# Safeguard inspection??



## ALS9386 (Sep 30, 2013)

Any vendors in ny, took the new pricing for inspection?


----------



## GTX63 (Apr 12, 2012)

What? $3?


----------



## ALS9386 (Sep 30, 2013)

Yea $3.00


----------



## GTX63 (Apr 12, 2012)

Some will take it.

As Mr. Crabbs once said "There's nothing like an all day sucker."


----------



## STARBABY (Apr 12, 2012)

this is the reason for prices dropping!!!!!!!! always find a sucker to work for nothing!


----------



## GTX63 (Apr 12, 2012)

The price being paid to the inspector is dropping. The price paid by the client isn't.


----------



## Cleanupman (Nov 23, 2012)

Anyone doing these inspections...
They need their heads examined....
Everyone needs to go on vacation for a week at the same time...


----------



## ALS9386 (Sep 30, 2013)

It is unfortunate but I had to take it I have a family to support. I was just seeing if anyone else took it. Not to mention, I have not revived any work in over a week.


----------



## Cleanupman (Nov 23, 2012)

ALS9386 said:


> It is unfortunate but I had to take it I have a family to support. I was just seeing if anyone else took it. Not to mention, I have not revived any work in over a week.

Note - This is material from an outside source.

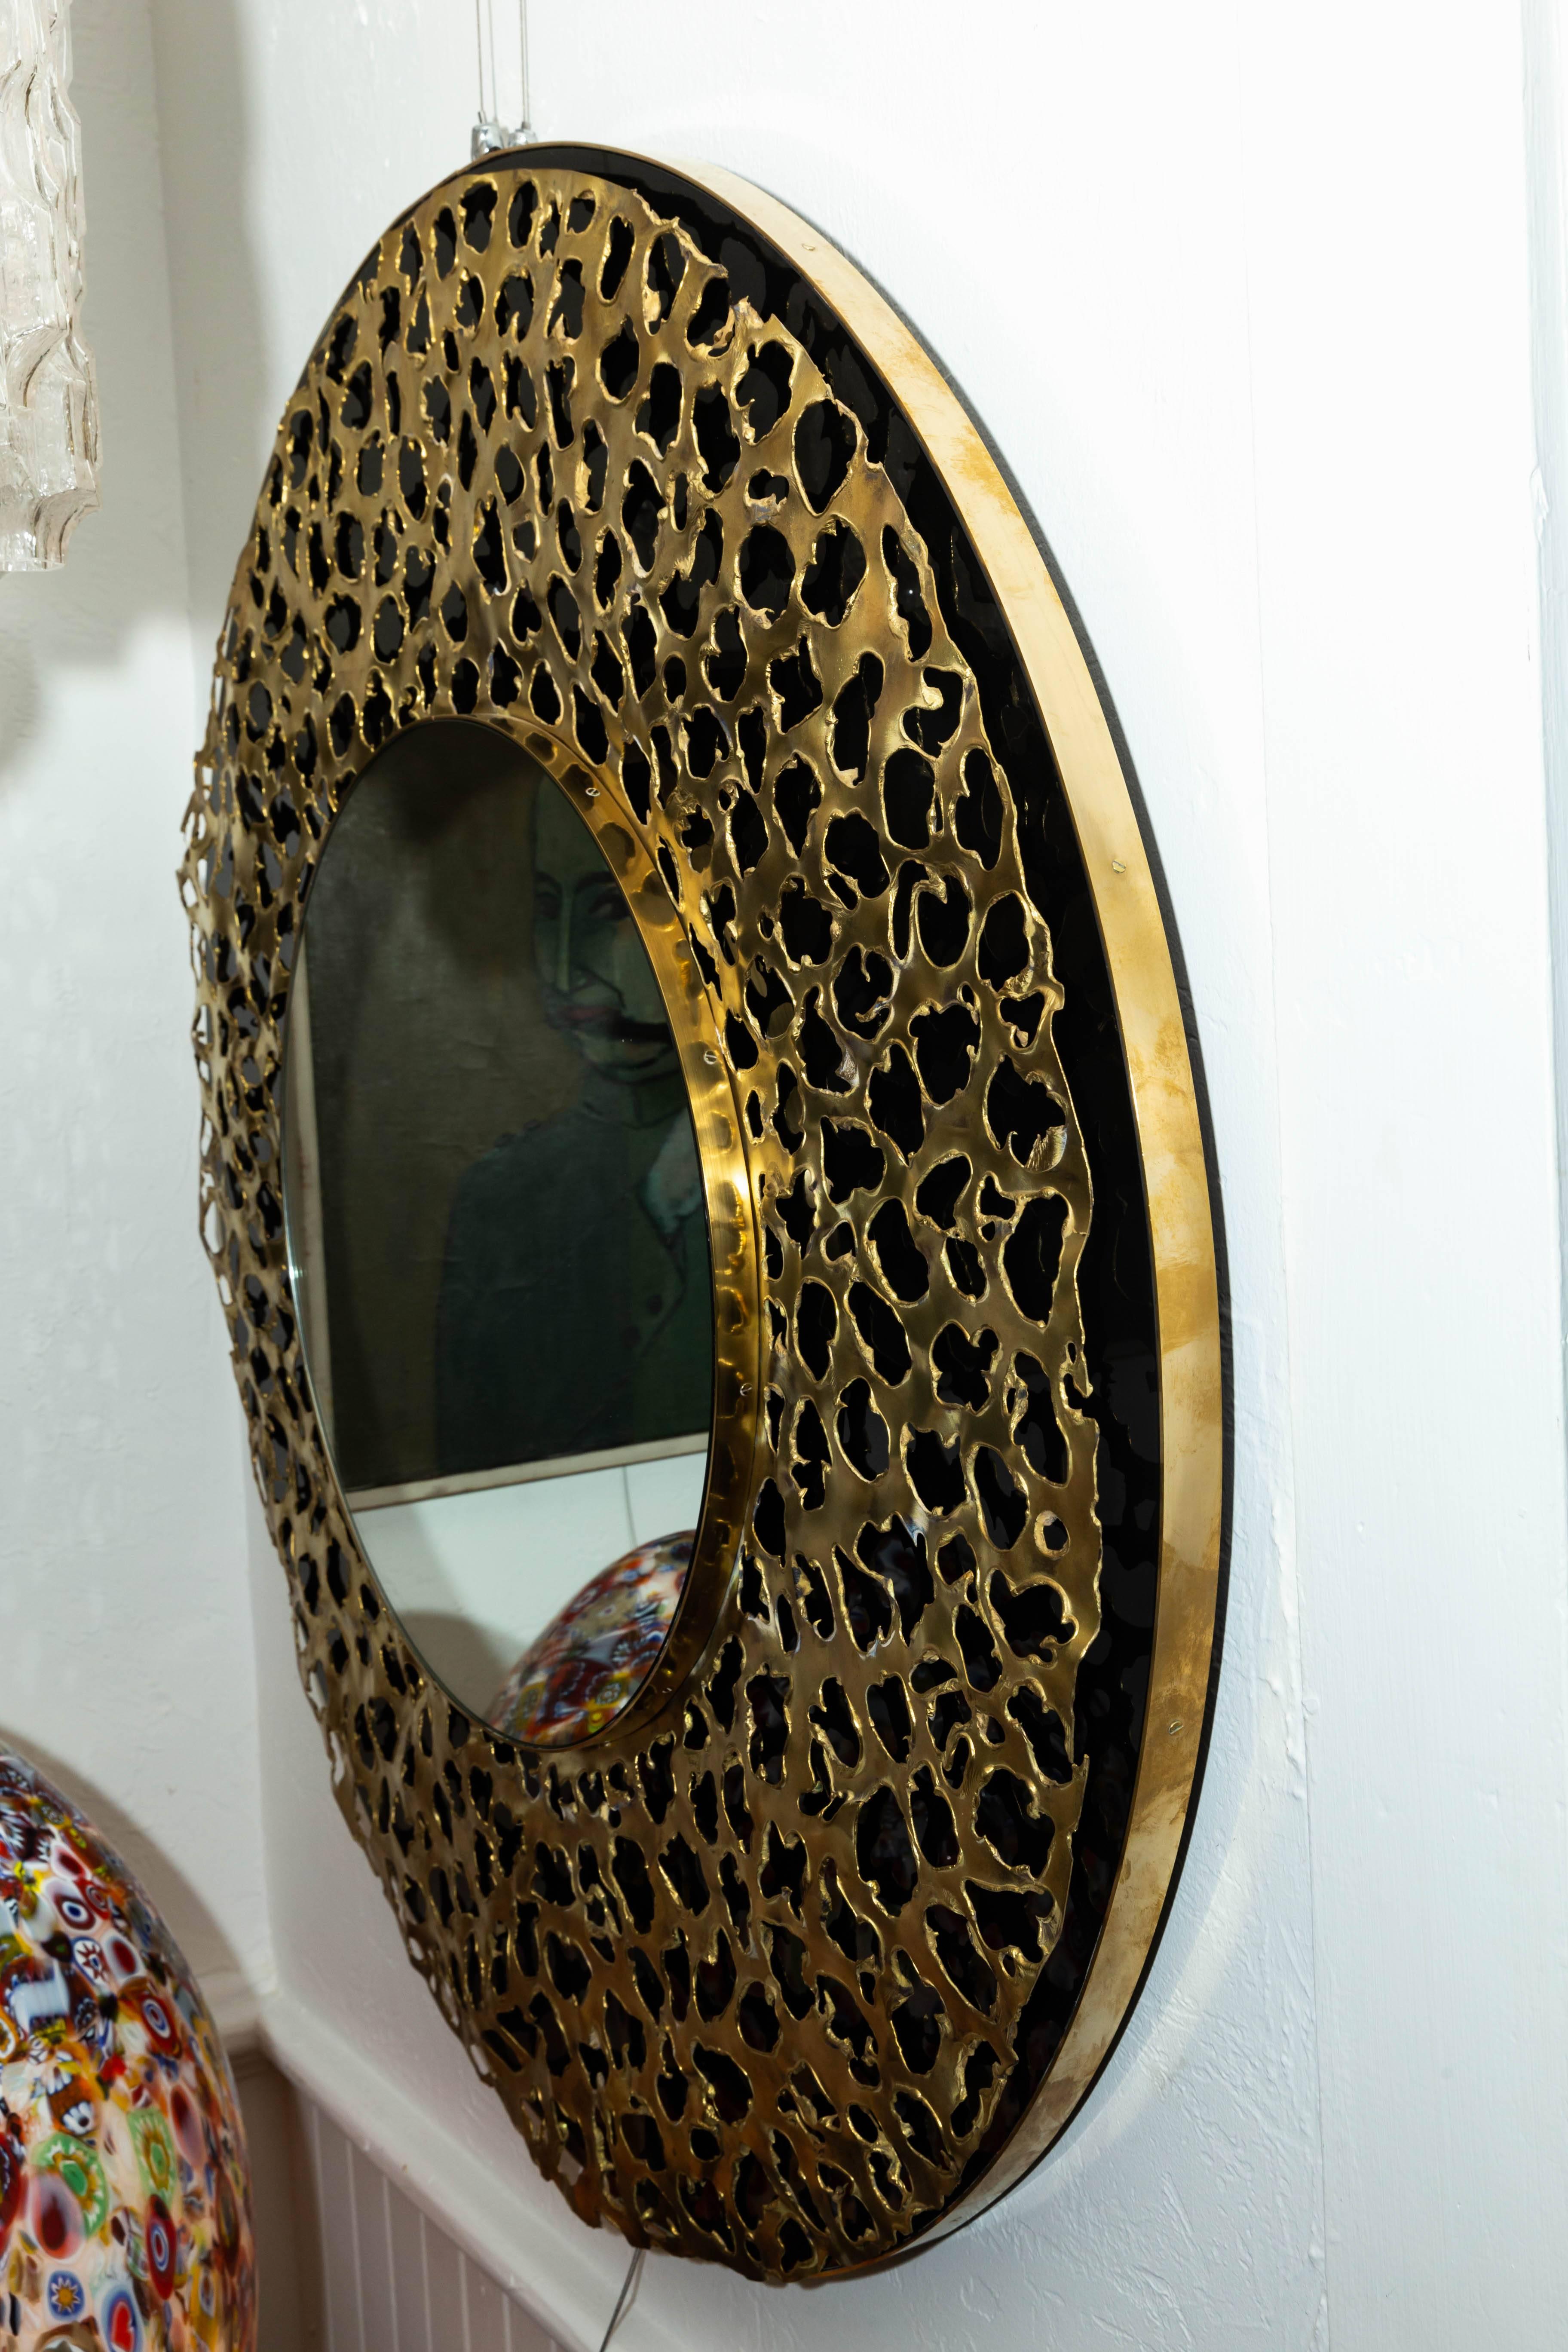 Circular black mirror with brass Brutalist design.
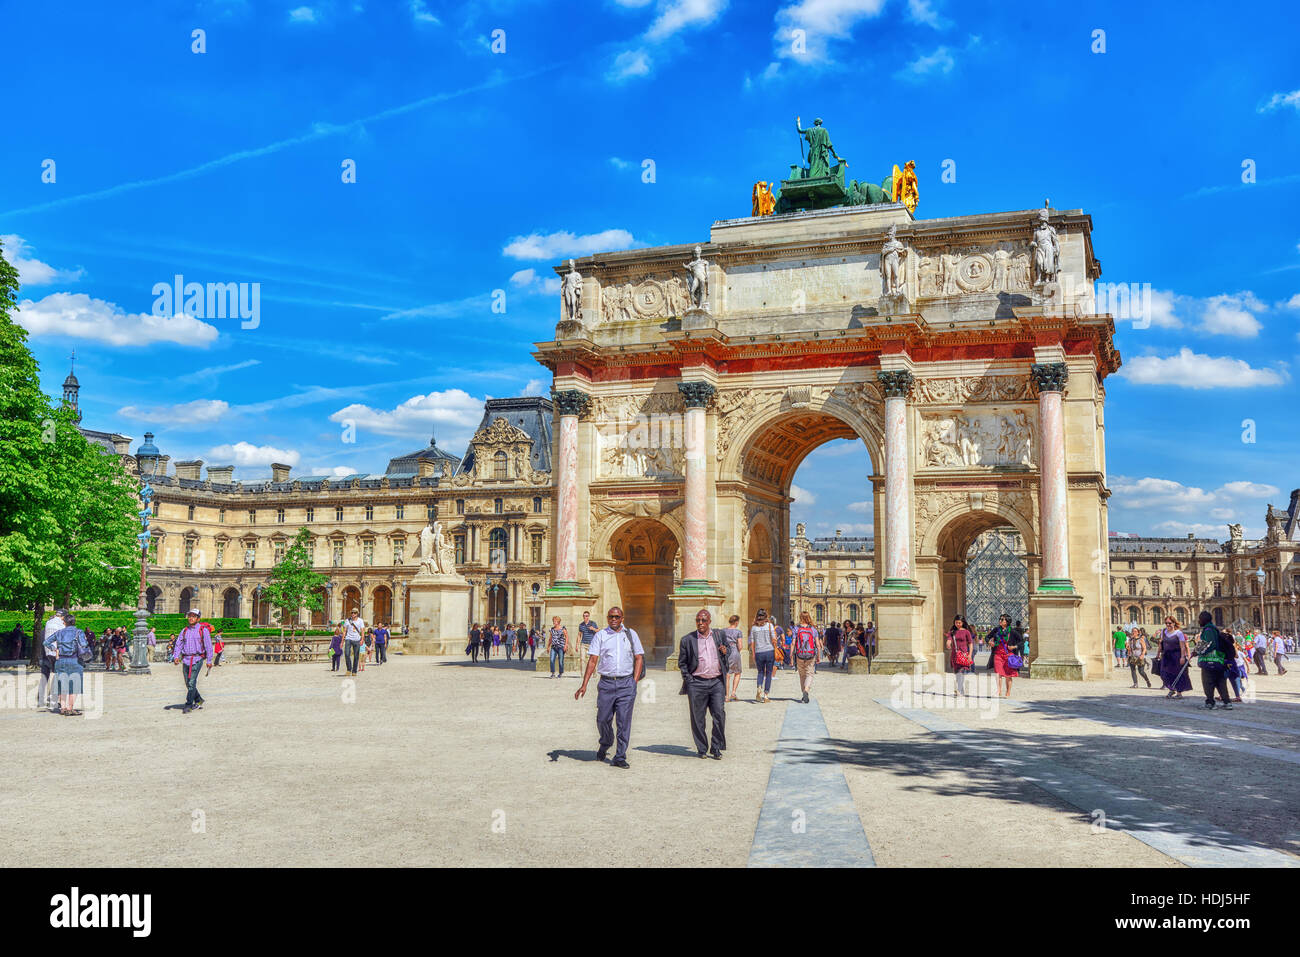 Parigi, Francia - Luglio 06, 2016 : Arc de triomphe du Carrousel (1806-1808) e la gente intorno, progettata da Charles Percier vicino al Louvre, Parigi, Francia Foto Stock

Do you know how to perform a break even analysis on these inspections???
[email protected]

drop me a line I can help you look at this issue a little more in detail...


----------



## GTX63 (Apr 12, 2012)

ALS, we are very familiar with safeguard inspections. If you don't mind, please break down how you are able to show any profit from $3 inspections? The vehicle wear, field and office time, physical risk, etc vs any other job.


----------



## grayghost (Aug 25, 2013)

*$3*

I personally will not do inspections for these prices, but I always talk to my subs before accepting and if they want to work for pennies then it falls back on the sub


----------



## ADP LLC (May 15, 2012)

What are we even talking about anymore???


----------



## Craigslist Hack (Jun 14, 2012)

won't touch an inspection for less than $50.00 and even then it can be a losing proposition.


----------



## Sicoupe06 (Jan 4, 2013)

Don't do it man. After the first inspection you'll realize it costs more for you to do it. Like you're paying THEM!


----------



## ALS9386 (Sep 30, 2013)

I am NOT happy about. I pick up a contact with another company
I am back on pp, so I am just biting the bullet, until the check comes. 
Just need enough money to get supply to complete this pp work. Cause There is no way 
To make any money doing these any more.


----------